Below is a tiny demo showing how to modify the chunk shape on a fetched template. We first build the
template with known sizes to satisfy validation, then update `full_chunk_shape`.

```{note}
In the SEG-Y to MDIO conversion workflow, MDIO infers the final grid shape from the SEG-Y headers. It’s
common to set or adjust `full_chunk_shape` right before calling `segy_to_mdio`, using the same sizes
you expect for the final array.
```

In [None]:
mdio_ds = custom_template.build_dataset(name="demo-only", sizes=(300, 500, 1001))
# pick smaller chunks than the full array for better parallelism and IO
custom_template.full_chunk_shape = (64, 64, 64)
print("Chunk shape set to:", custom_template.full_chunk_shape)

custom_template

## Making Dummy Xarray Dataset

We can now take the MDIO Dataset model and convert it to Xarray with our configuration. If ingesting from SEG-Y, this step
gets executed automatically by the converter before populating the data.
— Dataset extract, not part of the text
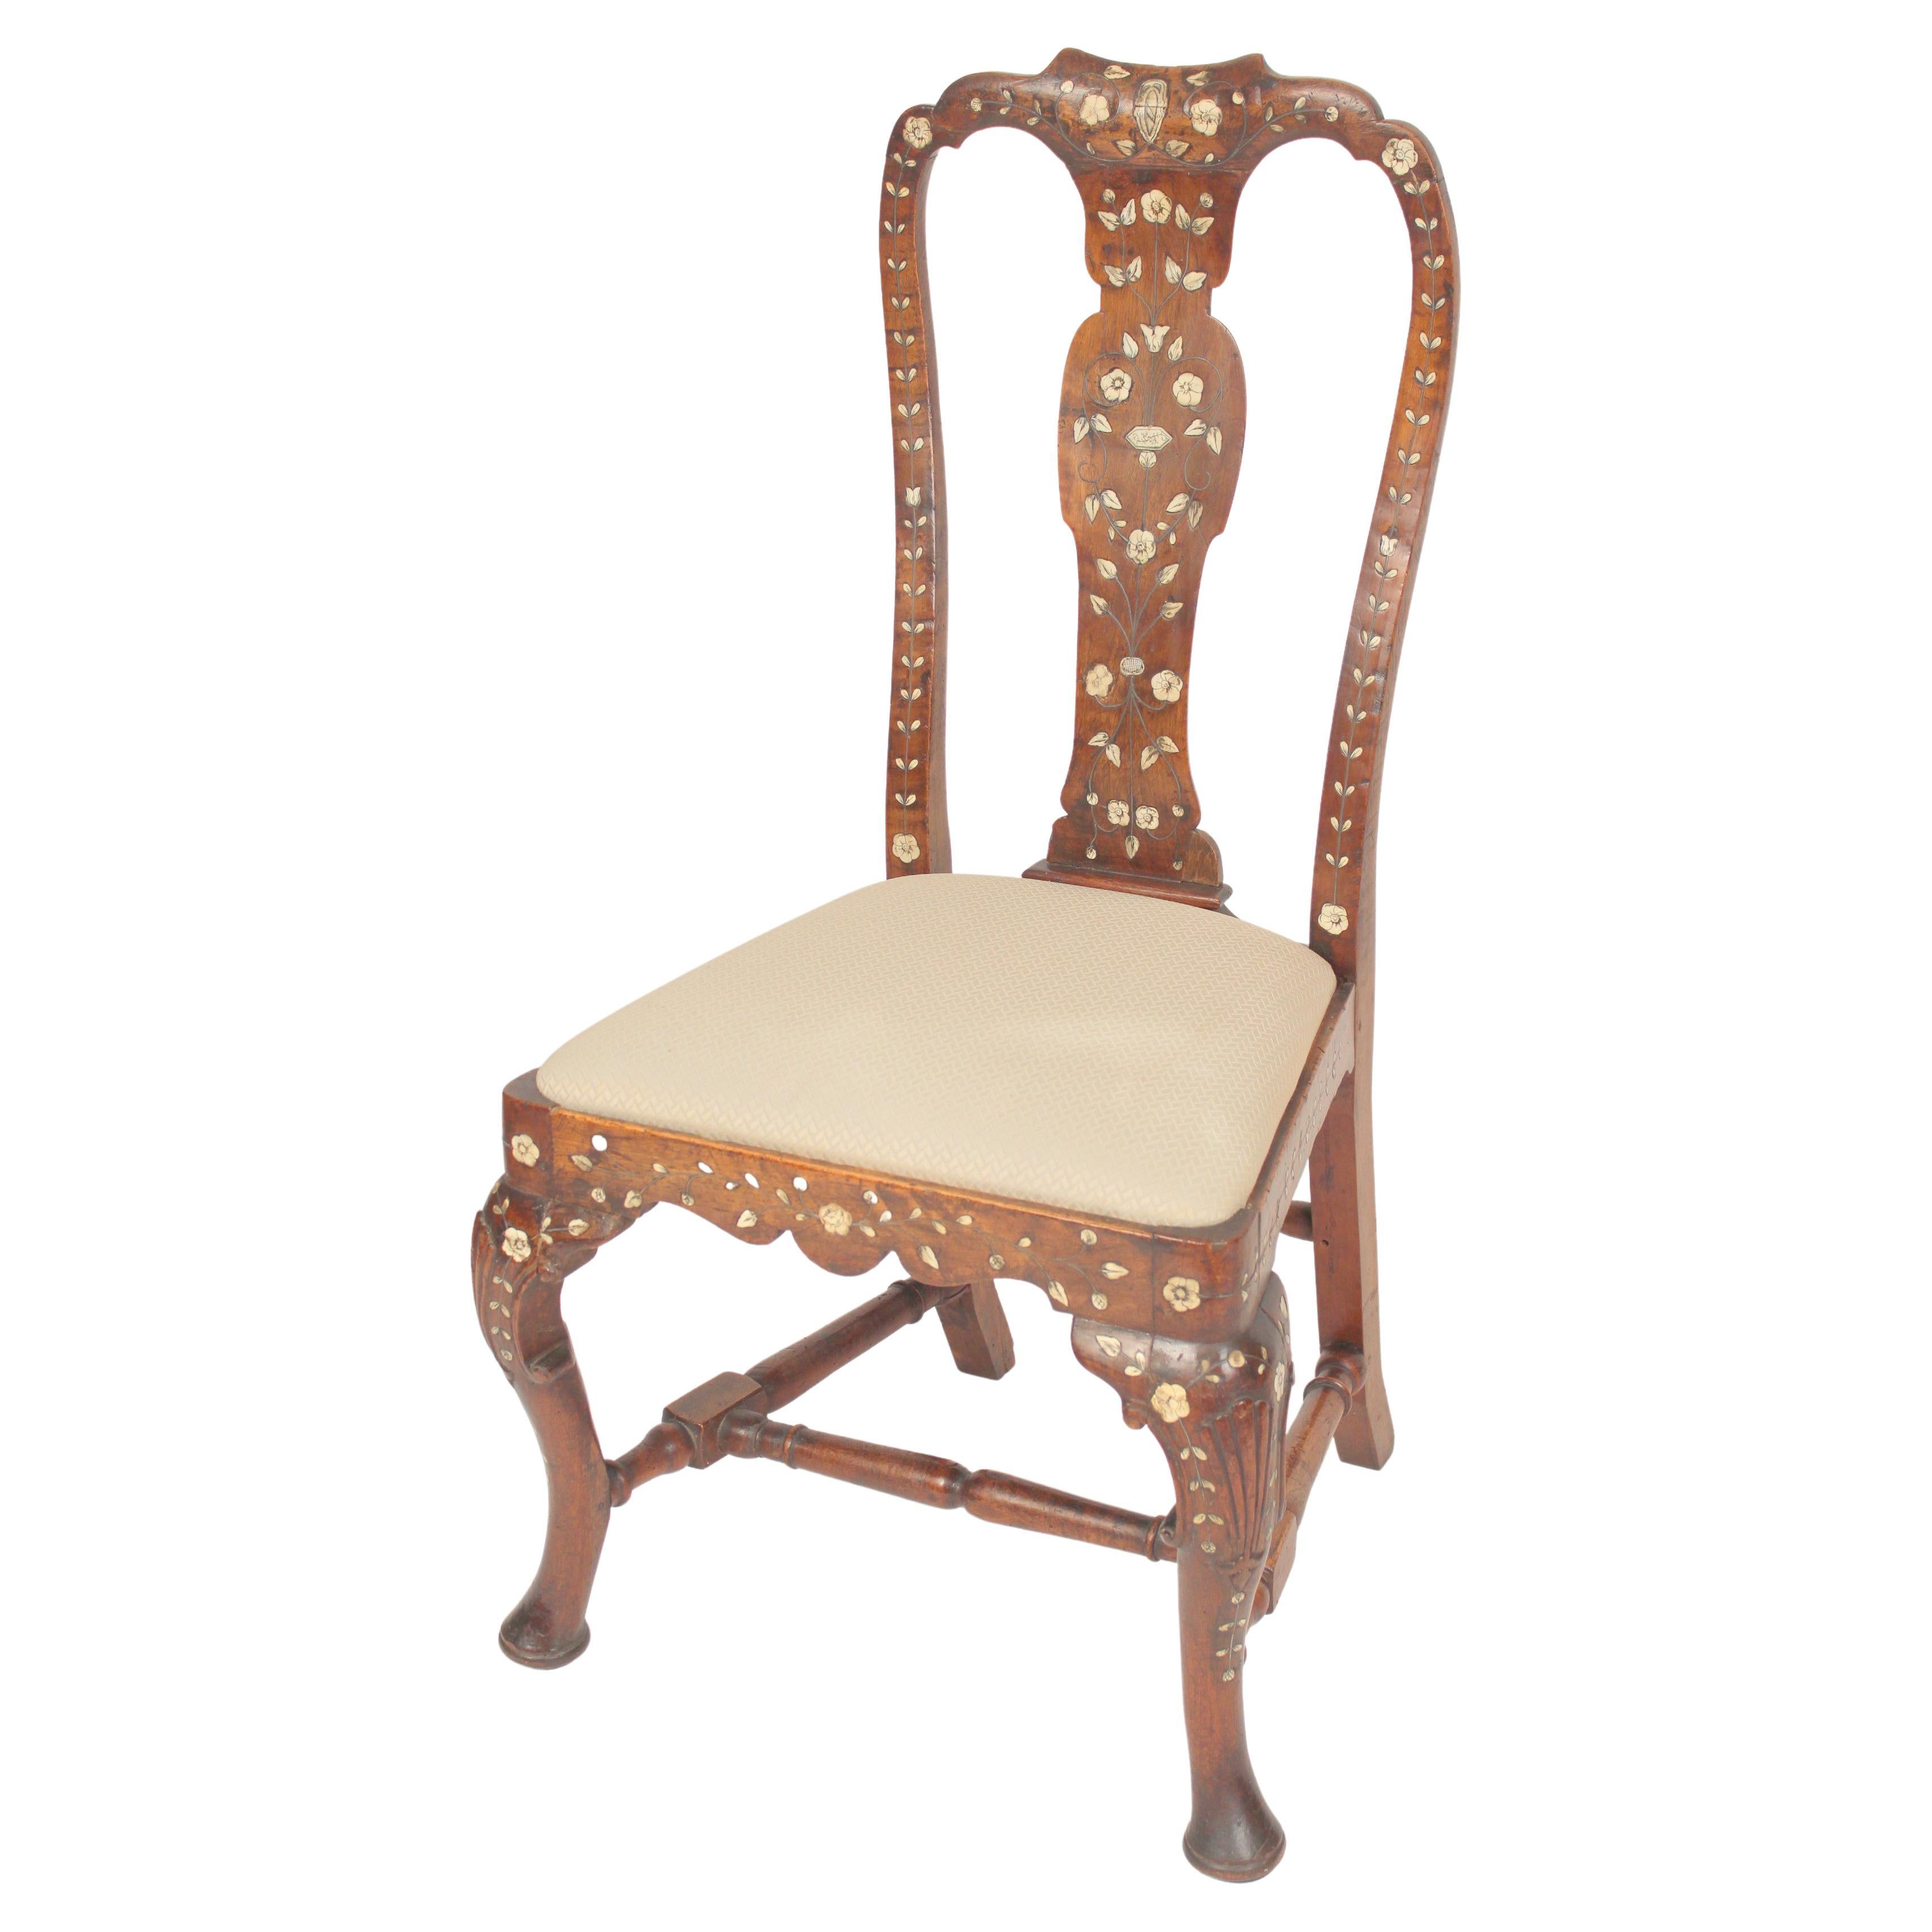 Antique Indian Export Bone Inlaid Queen Anne Style Side Chair
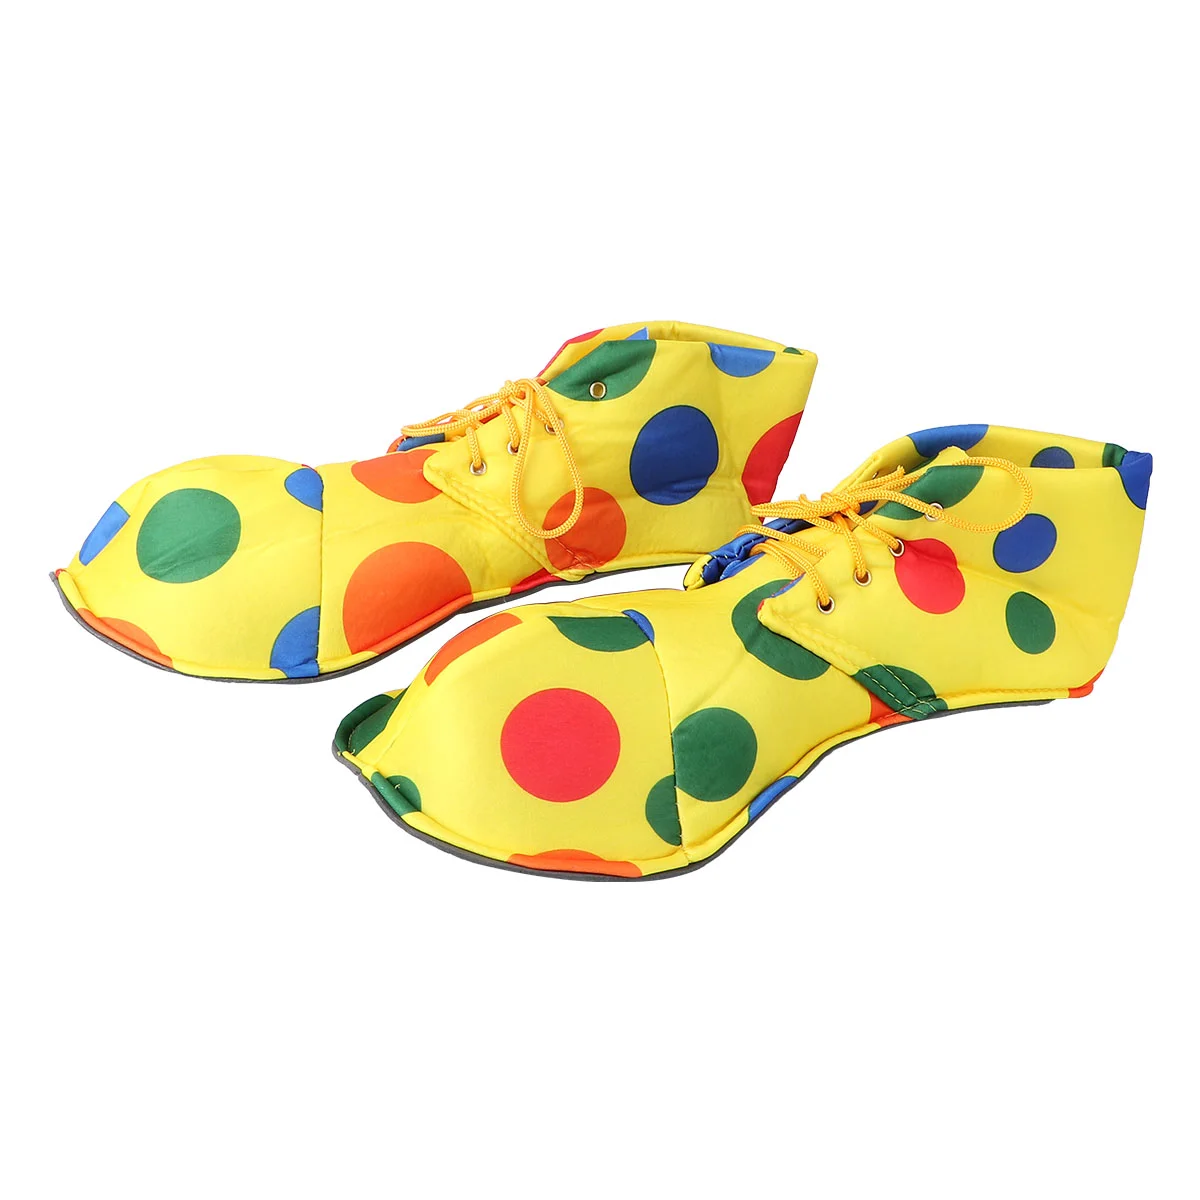 Clown Shoes Halloween Clown Shoes Cover Costumes Accessories Unisex Adult Comedy Fancy Costume Party Events Supplies

Note that the whole dataset will be populated with the fill values.

In [None]:
from mdio.builder.xarray_builder import to_xarray_dataset

to_xarray_dataset(mdio_ds)

## Recap: Key APIs Used

- Template registry helpers: `get_template_registry`, `list_templates`, `register_template`, `get_template`
- Base template to subclass: `AbstractDatasetTemplate`
- Make Xarray Dataset from MDIO Data Model: `to_xarray_dataset`

With these pieces, you can standardize how your seismic data is represented in MDIO and keep ingestion code concise and repeatable.